* SUPPLIED INFORMATION

----

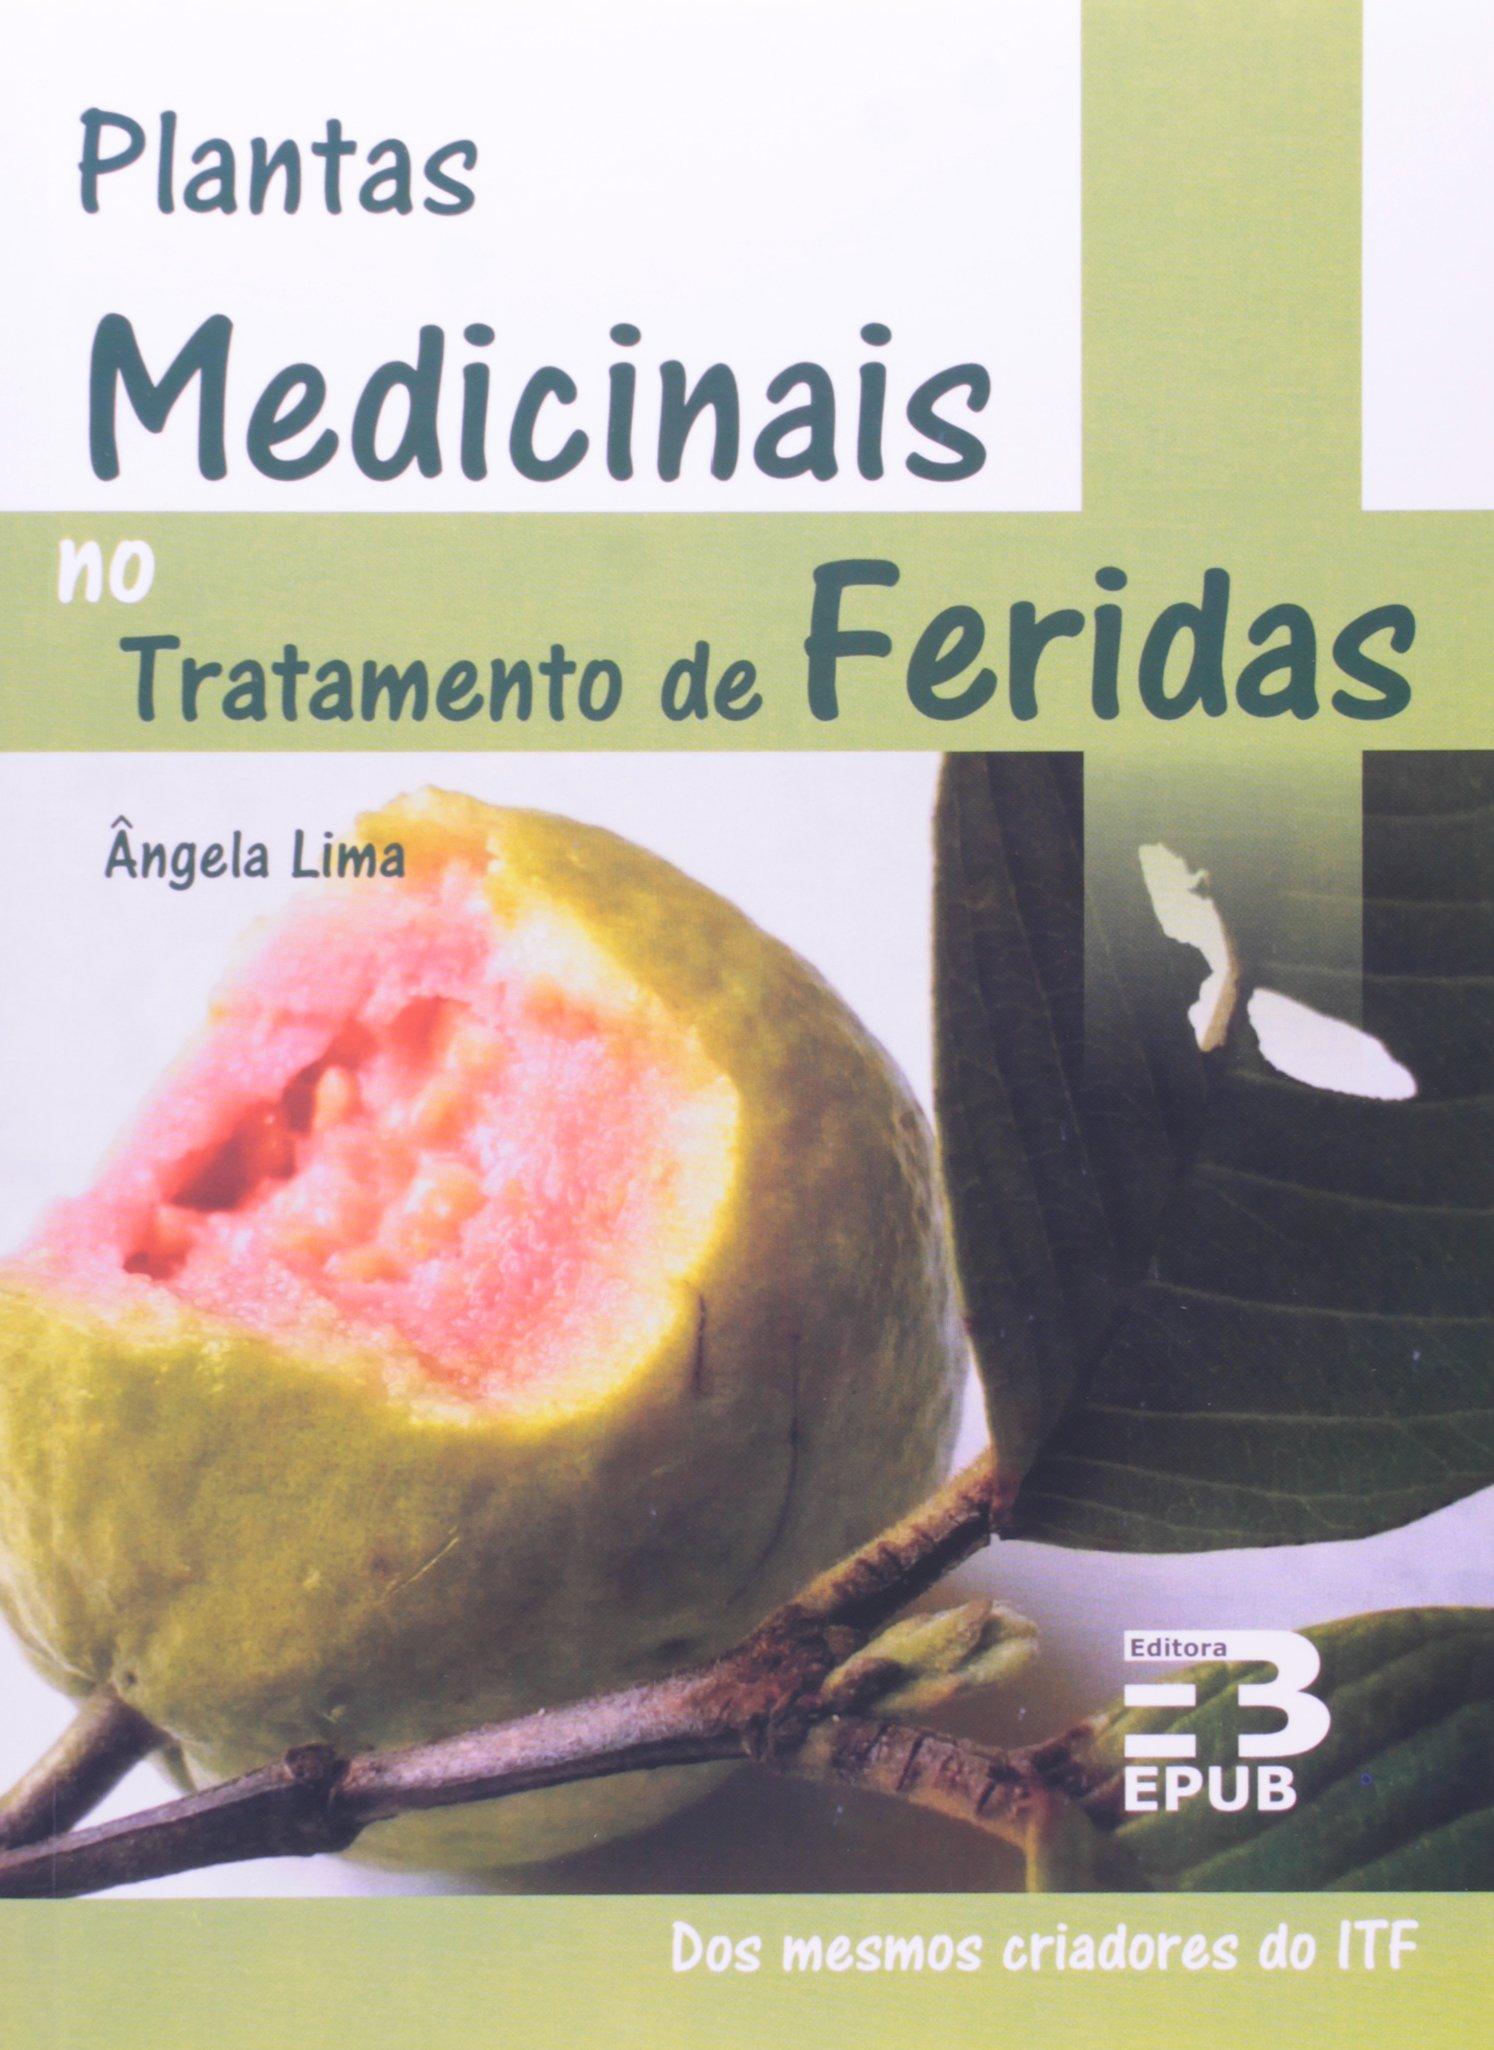 Plantas Medicinais No Tratamento De Feridas: Marta Batista: 9788587098870: Amazon.com: Books
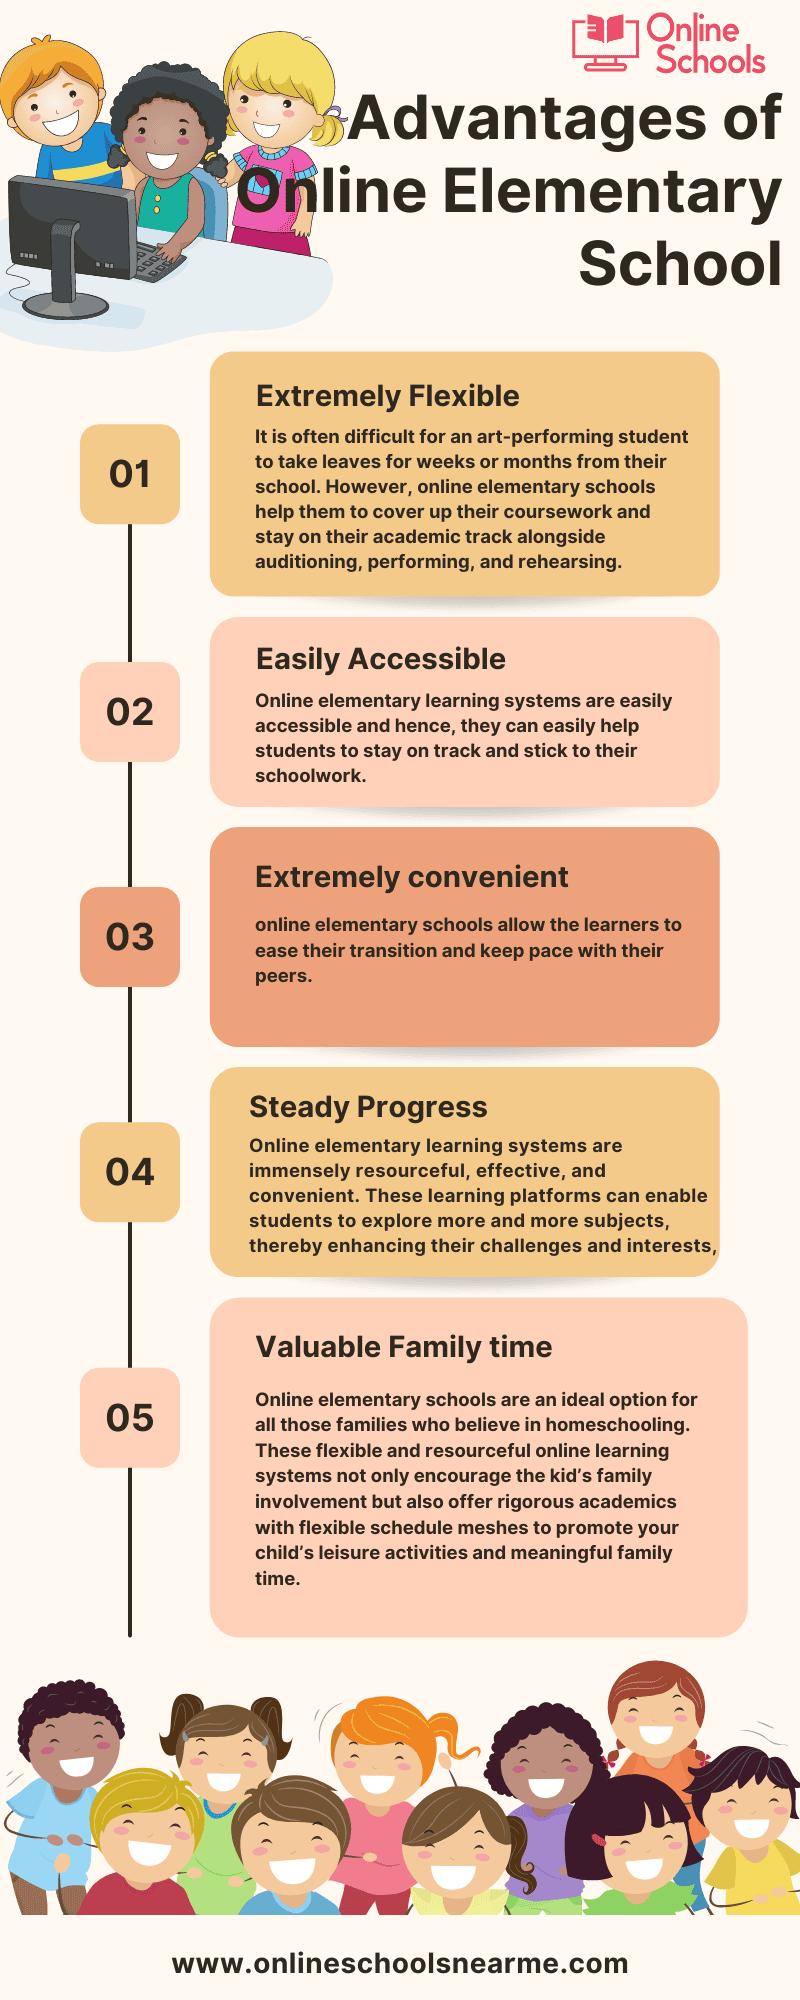 Advantages of Online Elementary school
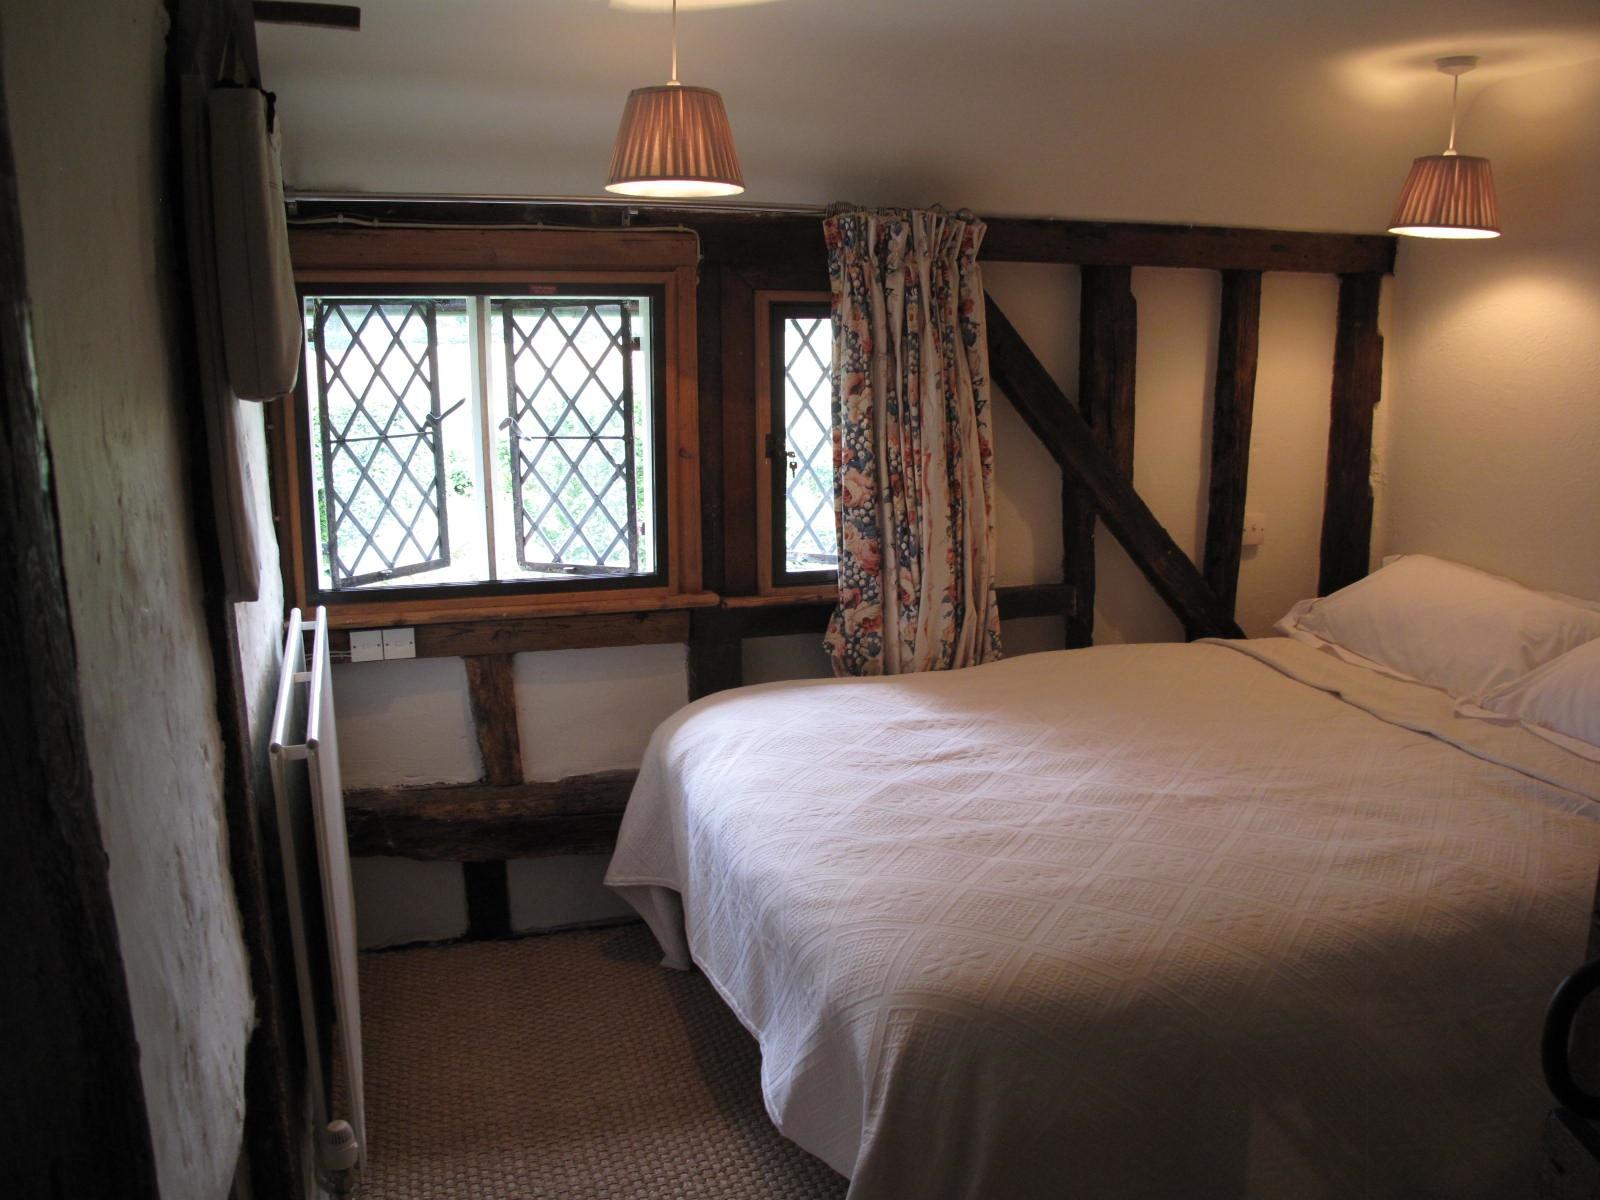 Bed And Breakfast Sevenoaks Weald

----

* TASK TO CARRY OUT
Every line between the one containing "Advantages of Online Elementary school" and the end of the listing, both included, needs to be retyped exactly, minus the pictures.

* RESULT
 Advantages of Online Elementary school
 Bed And Breakfast Sevenoaks Weald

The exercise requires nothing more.